At the moment, federal law prohibits pot cultivation even in those
states (11 at last count) that have passed medical-marijuana
referenda. In 1996, Californians voted in favor of the Compassionate
Use Act, also known as Proposition 215, which permitted the use and
cultivation of marijuana by qualified patients.

According to the act, patients with a referral from a physician can
obtain medical marijuana from one of some 200 dispensaries or
"buyers' clubs," which procure their high-grade stock from
tucked-away farms and discreet greenhouses.
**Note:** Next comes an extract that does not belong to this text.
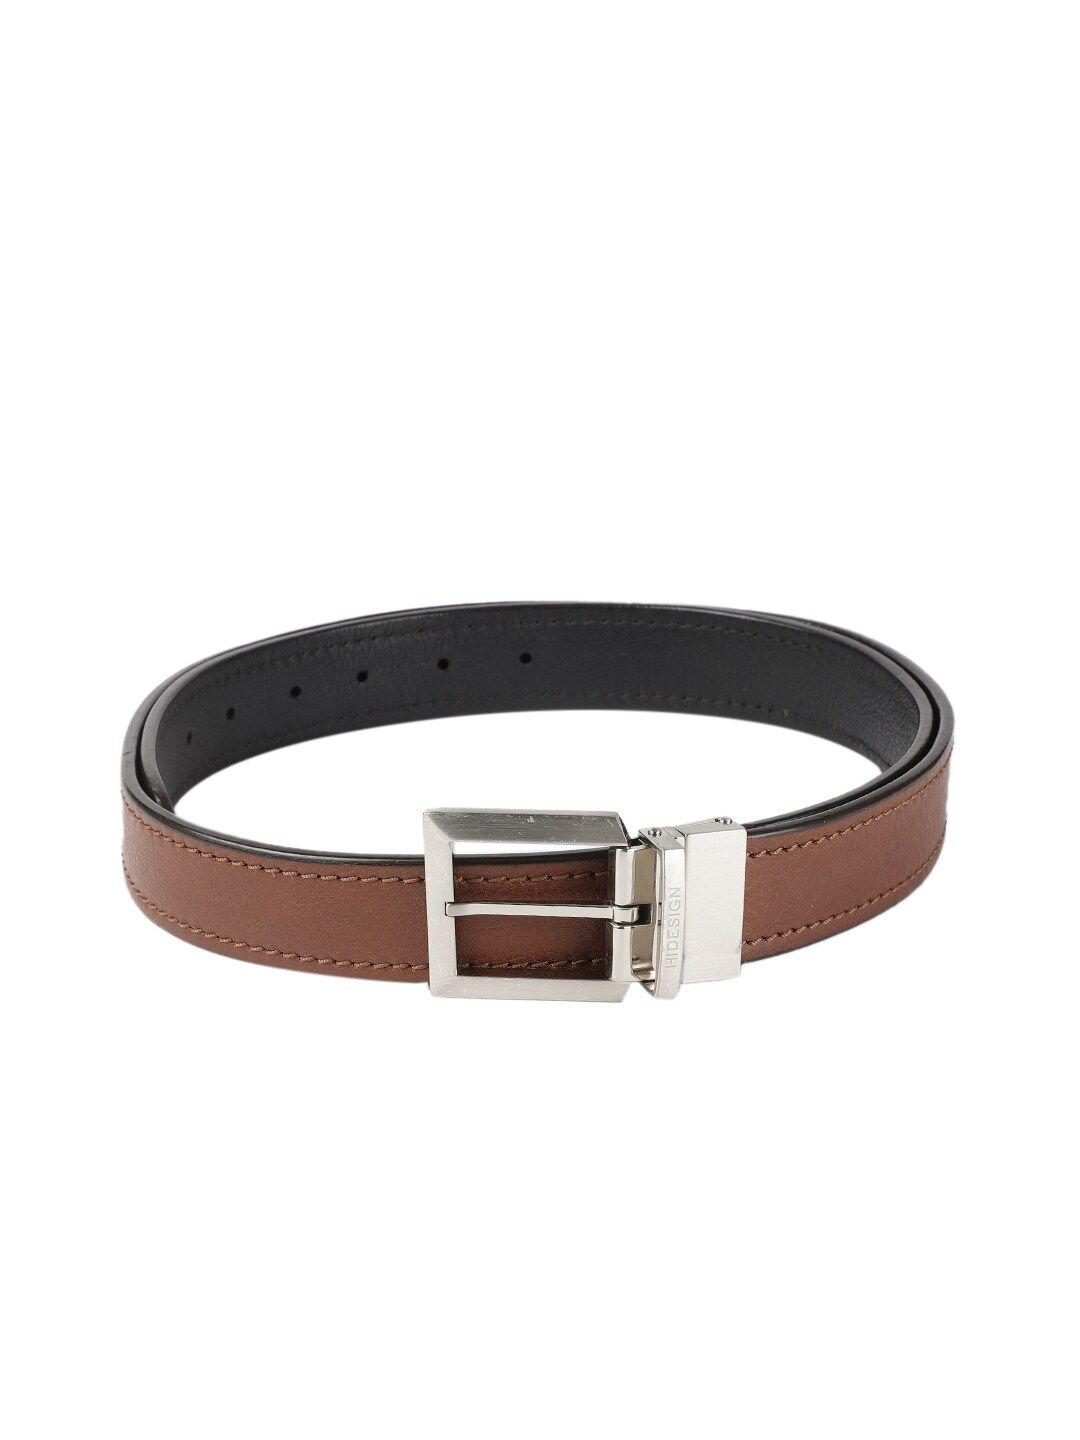 hidesign men tan brown & black solid reversible leather belt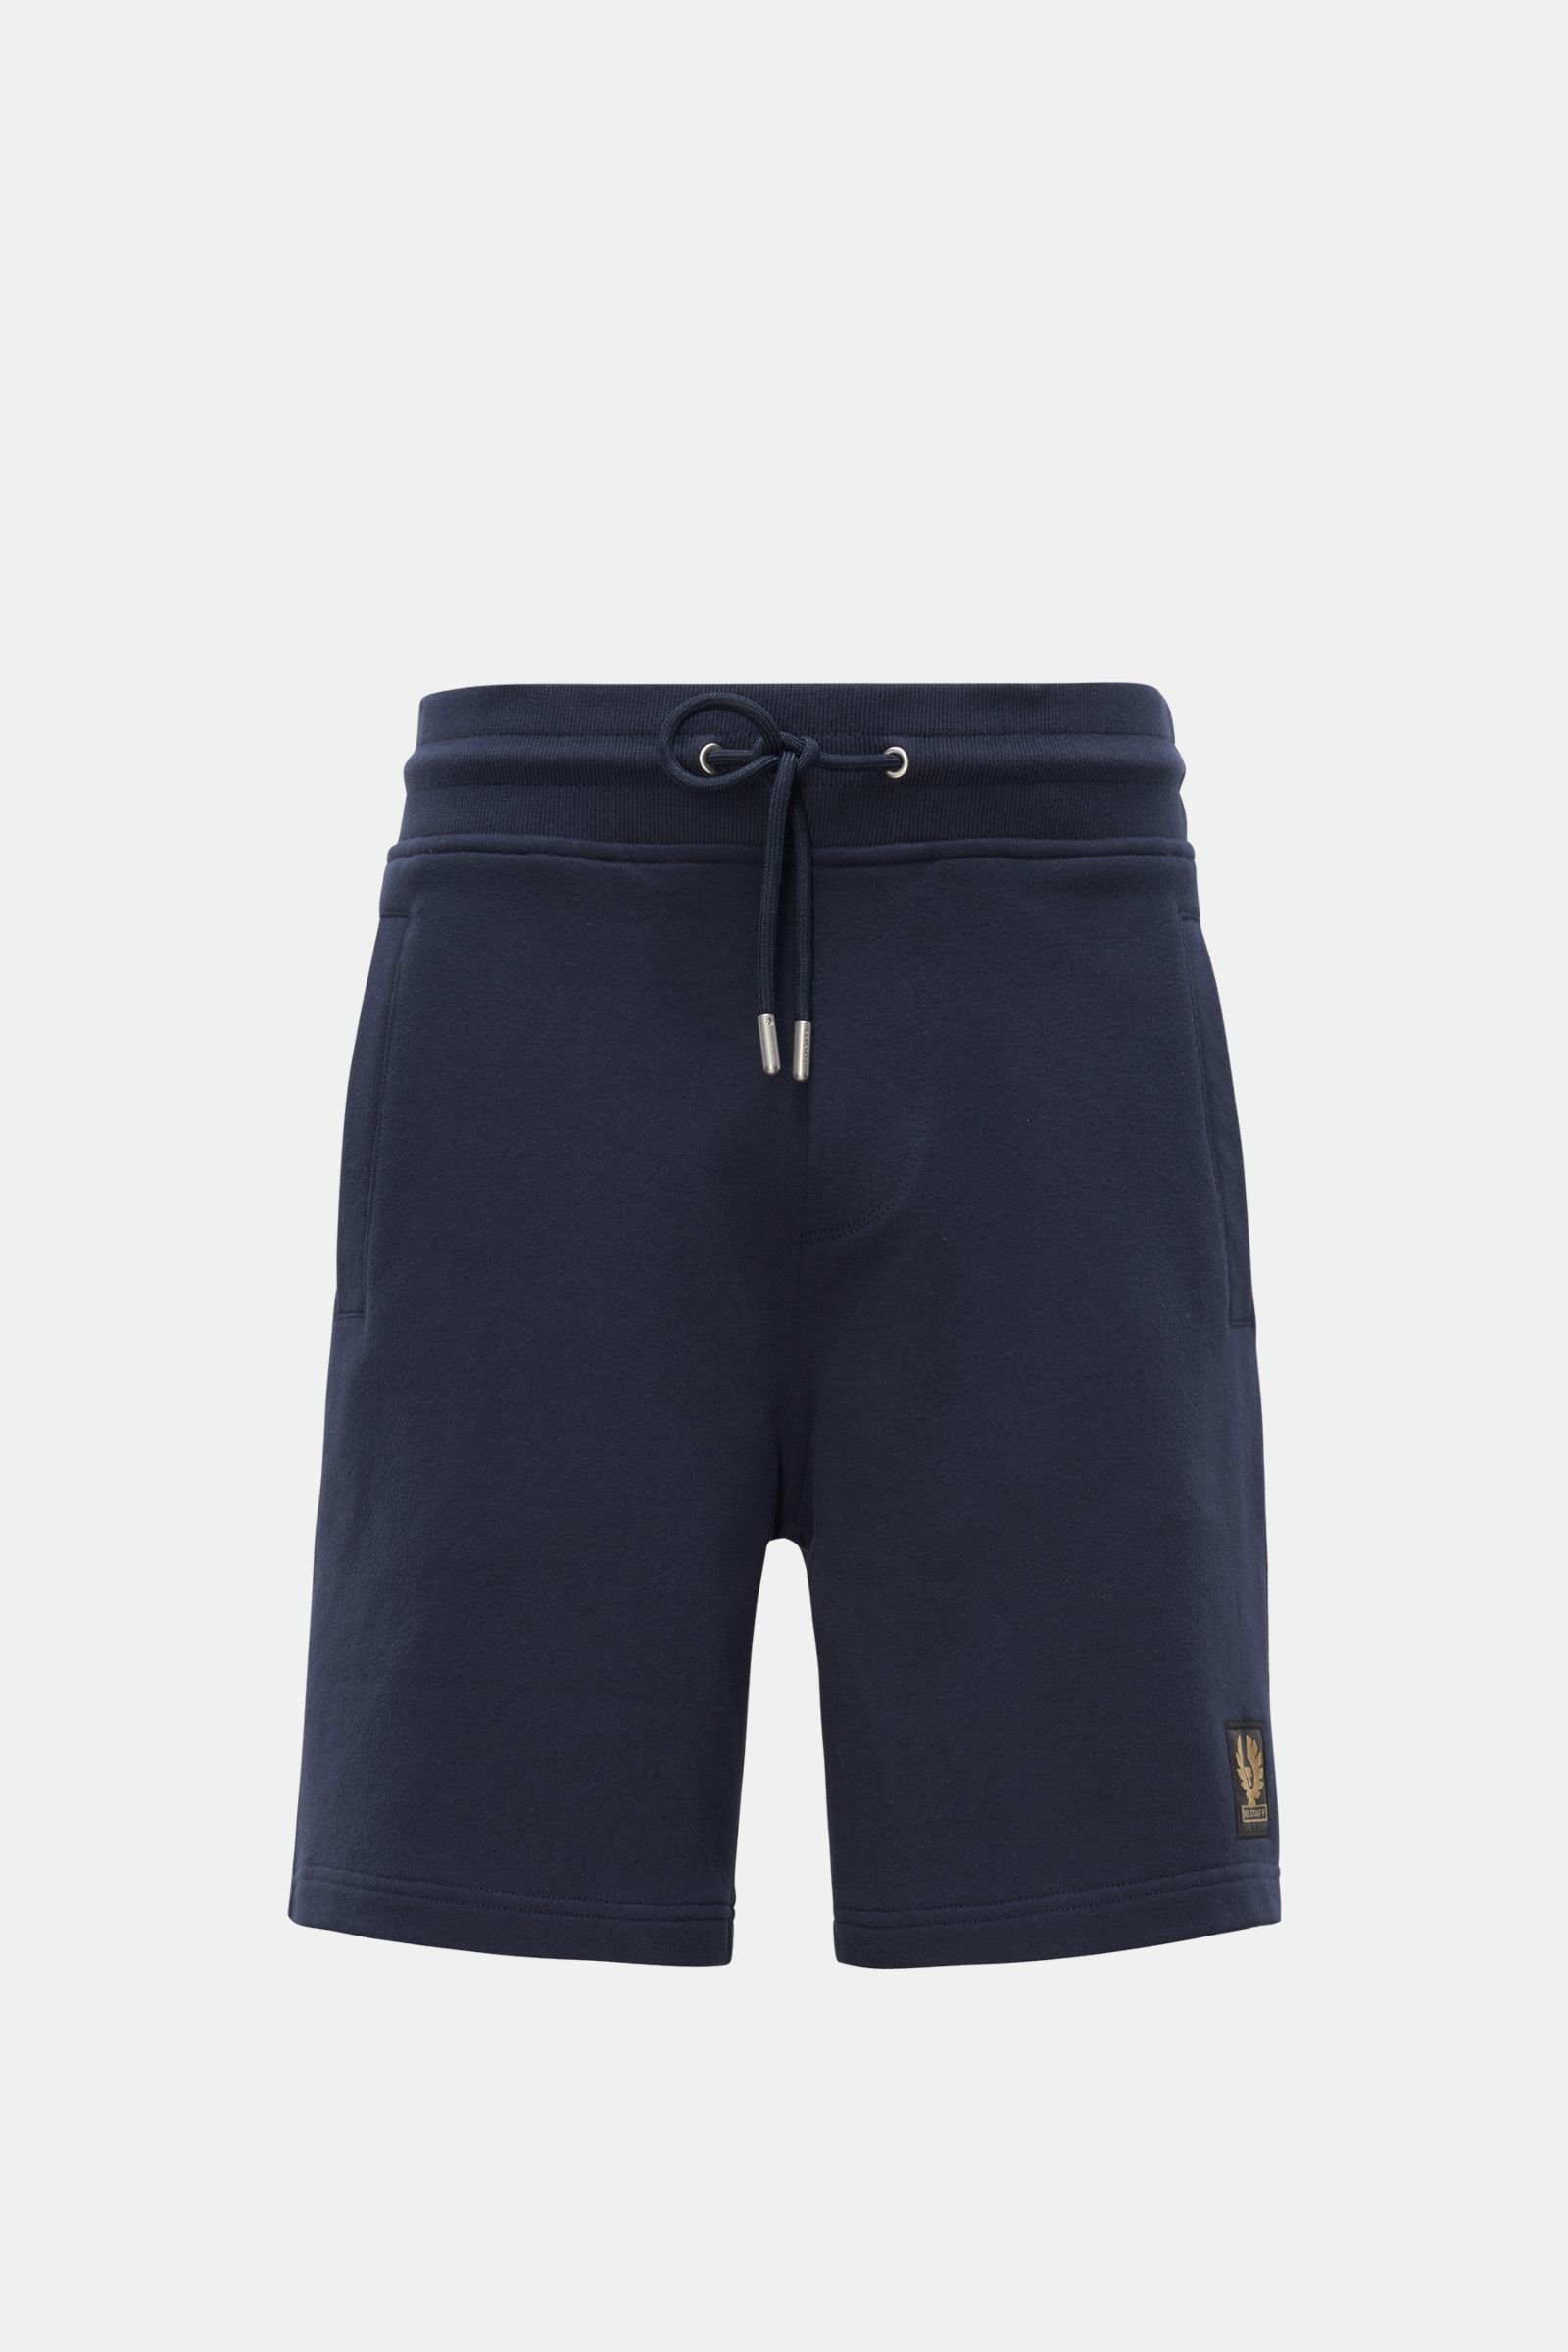 Sweat shorts navy

Despite the ever present
threat of a crackdown from the federal government, these companies
are thriving-some clubs even offer their employees healthcare
benefits and 401(k) plans-and have created a market for medical marijuana.

"For evidence in support of the healthy competition fostered by a
marketplace economy, you need only to look at the quality of
marijuana available in California," says Mark Blumenthal, who directs
the nonprofit American Botanical Council of Austin, Texas. "Pluralism
and economic competition are good for the consumer. We generally
don't allow and empower monopolies in our culture-it's contrary to
the tenets of our economic system."

The invocation of a government monopoly on marijuana helps to explain
the strange bedfellows on the pro-cannabis side of this issue.

The conservative historian Richard Brookhiser and the late Reagan
aide Lyn Nofziger both spoke out in favor of medical marijuana, and
supporters of Craker's suit against the DEA include not only several
nurses' associations and the United Methodist Church but Grover
Norquist, president of Americans for Tax Reform and a staunch
defender of small government and an unfettered free market.

"The use of controlled substances for legitimate research purposes is
well-established, and has yielded a number of miracle medicines
widely available to patients and doctors," Norquist wrote in his
letter of support. "This case should be no different.
It's in the public interest to end the government monopoly on
marijuana legal for research."

Given Norquist's many successes on the lobbying circuit, perhaps all
medical marijuana needs is a new pitch man.